A few days later I get some more shit from one of the students who was doing it before. I am not going to run to the teacher this time. He is talking shit about my t-shirt. I say well, at least I am not wearing that stupid hat like you are. The next thing I know I am on the ground, fists pummeling my face and chest. I just stay quiet from then on.

I just wanted to be normal and blend in. Be ignored. Keep writing my slightly reworked video game fan fiction I passed off as creative writing. I was afraid of myself because clearly I was earning attention that I did not want. So that must not be normal, right? And if it is not normal, that cannot be good, right?

But I survived. Hell, I did not have it bad at all. I have learned that now. But even my stupid little events have given me sympathy, even if I do not need it for my own affairs.

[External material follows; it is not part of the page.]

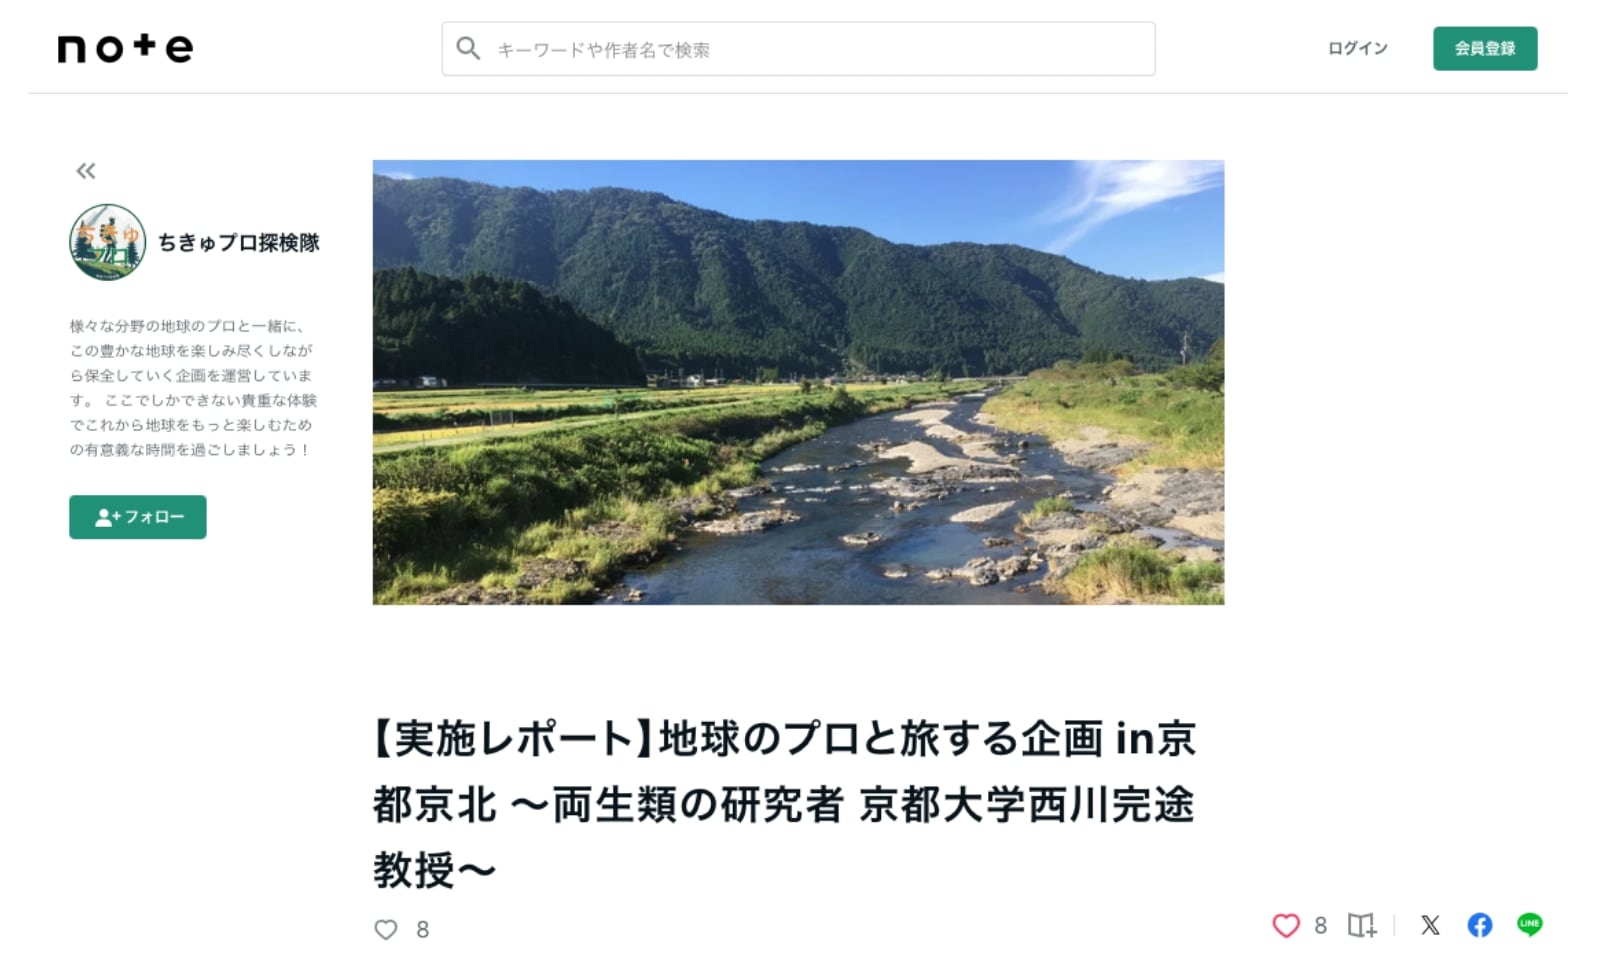 ちきゅプロ探検隊による地球のプロと旅する企画in京都京北に関するnote記事のトップ画面。京北を流れるおだやかな河川をメインビジュアルに、実施レポートのタイトルが書かれています。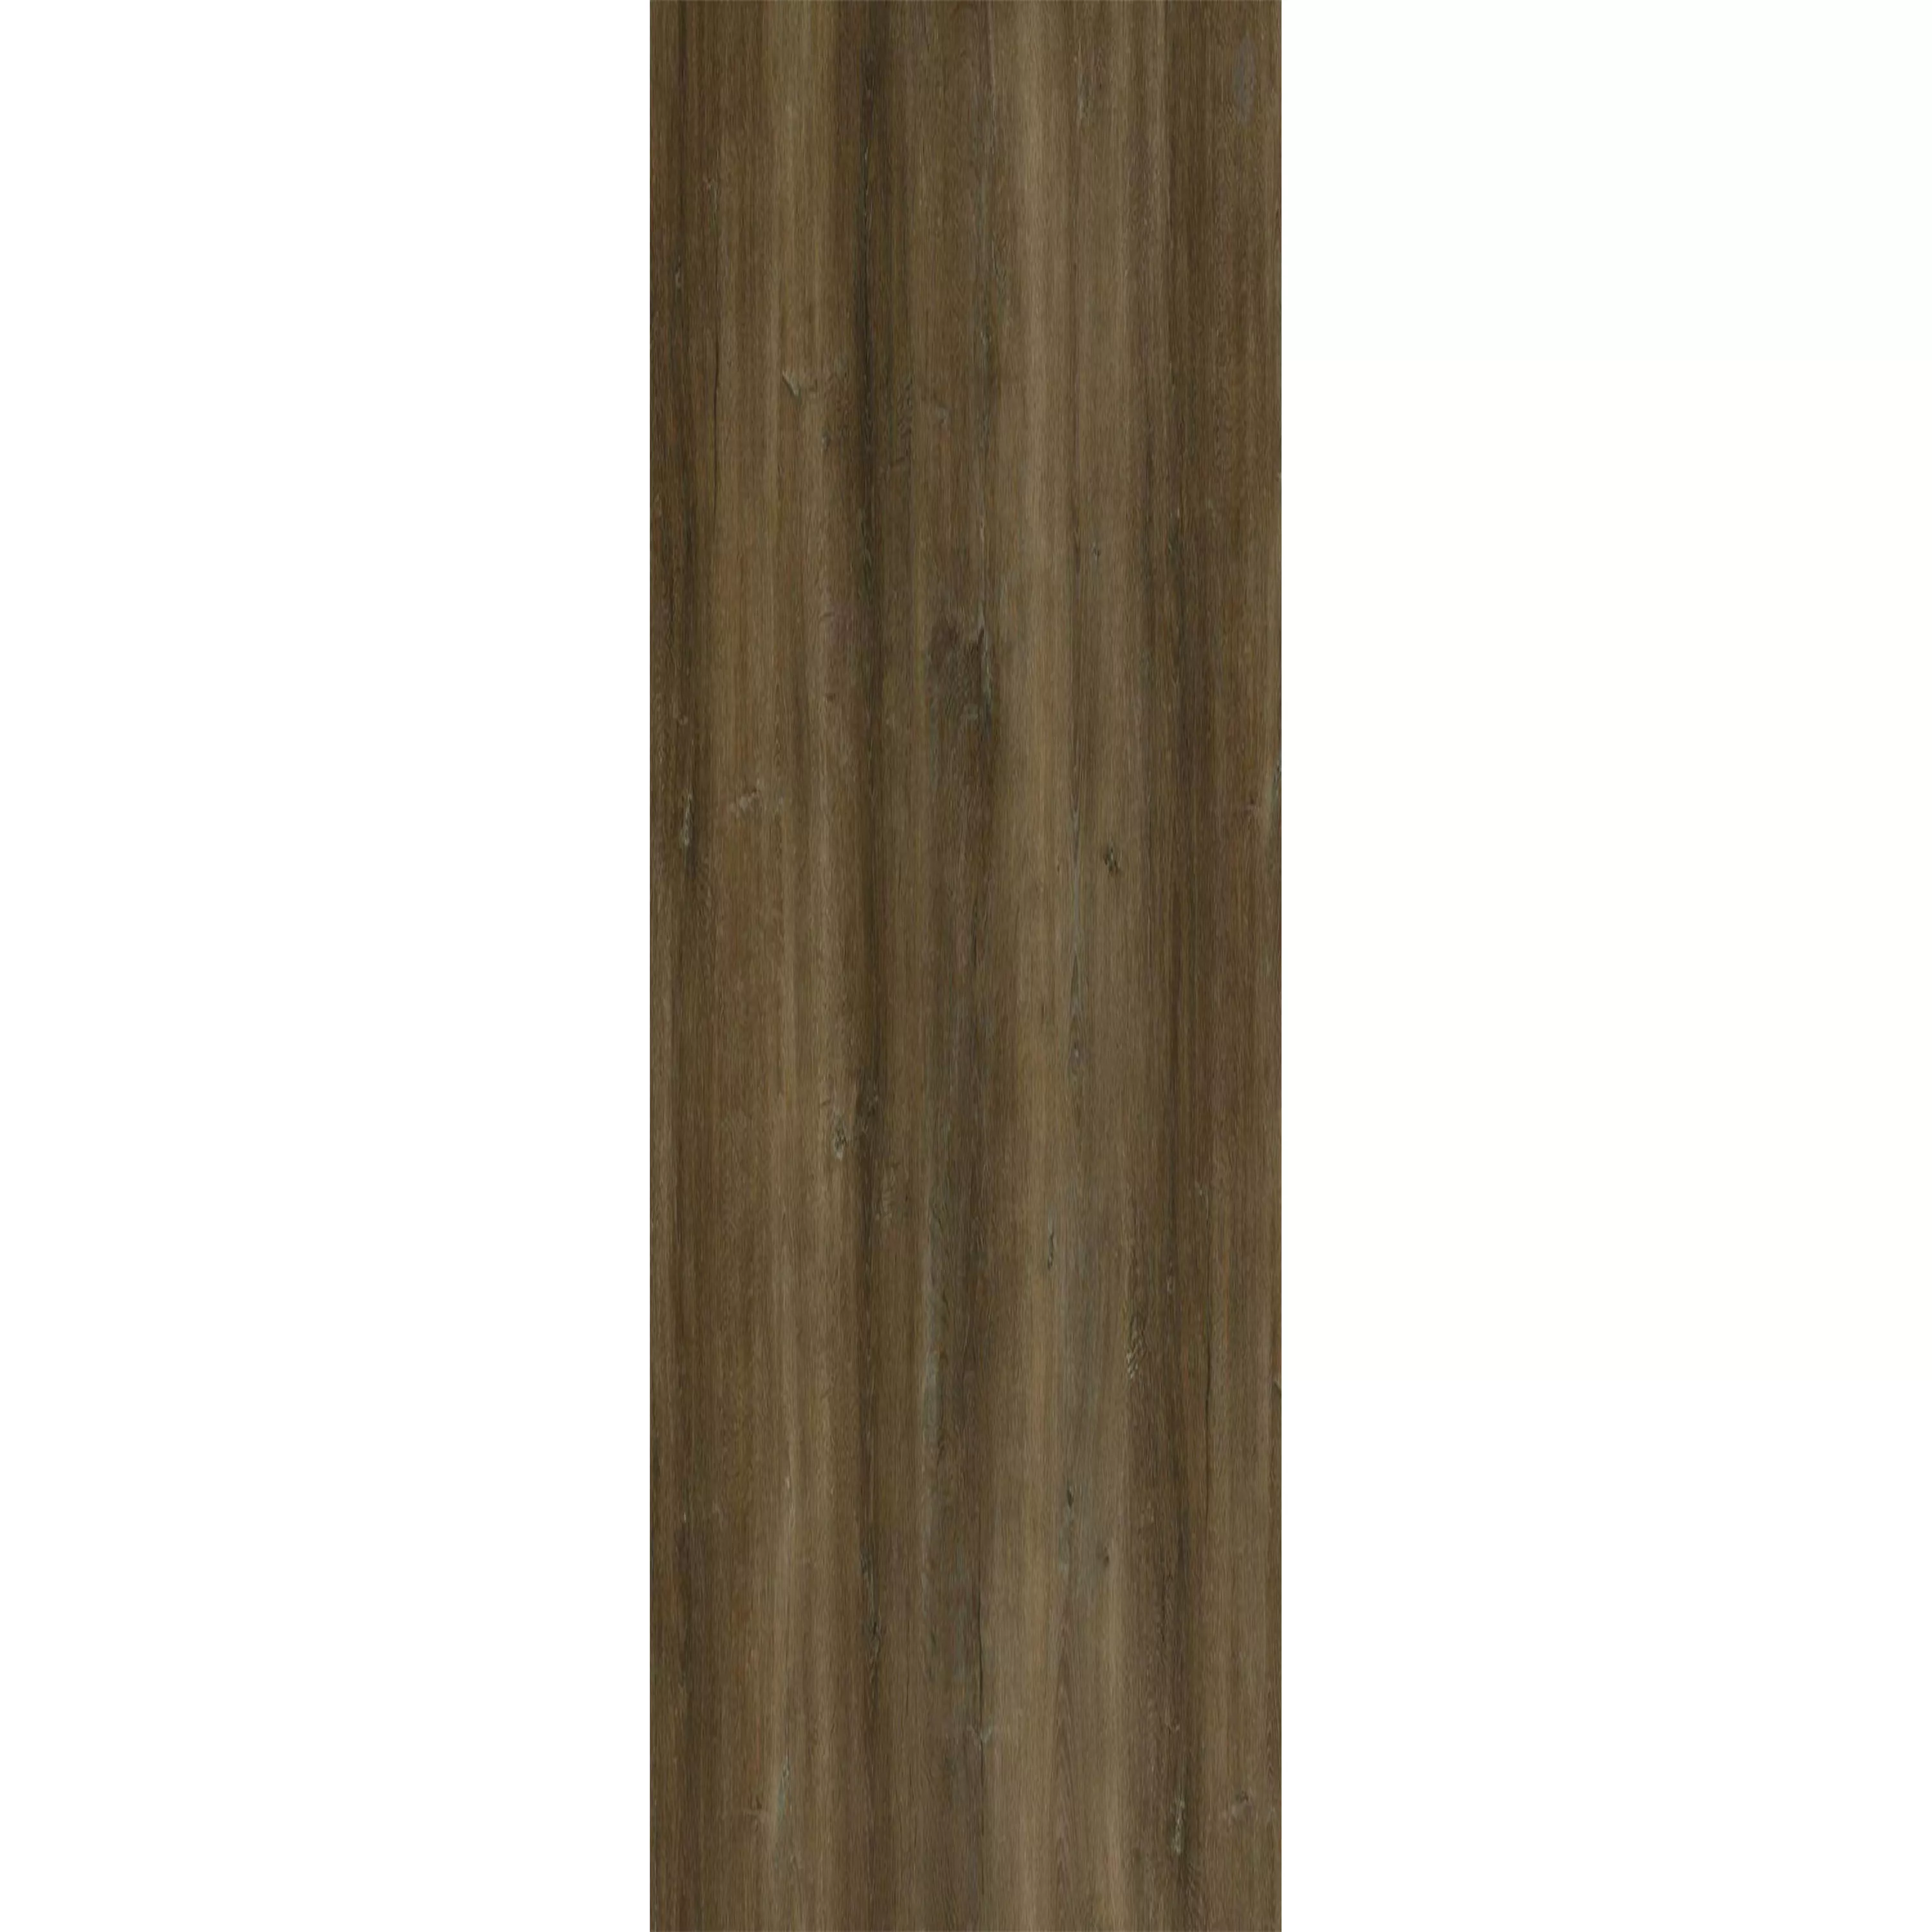 Δάπεδο Από Bινύλιο Σύστημα Κλικ Reedley Kαφέ 17,2x121cm

So, as I sit here, hovering between whether this student just did not care and wrote this down because fuck English class, or if the simple silly question weighed down harder than it ever was intended to because they just feel so pressured to be what they are not that they want to fit in the mold and do their own little thing where no one bothers them for being different.

Either way, I think, I hope, that with time they will be fine.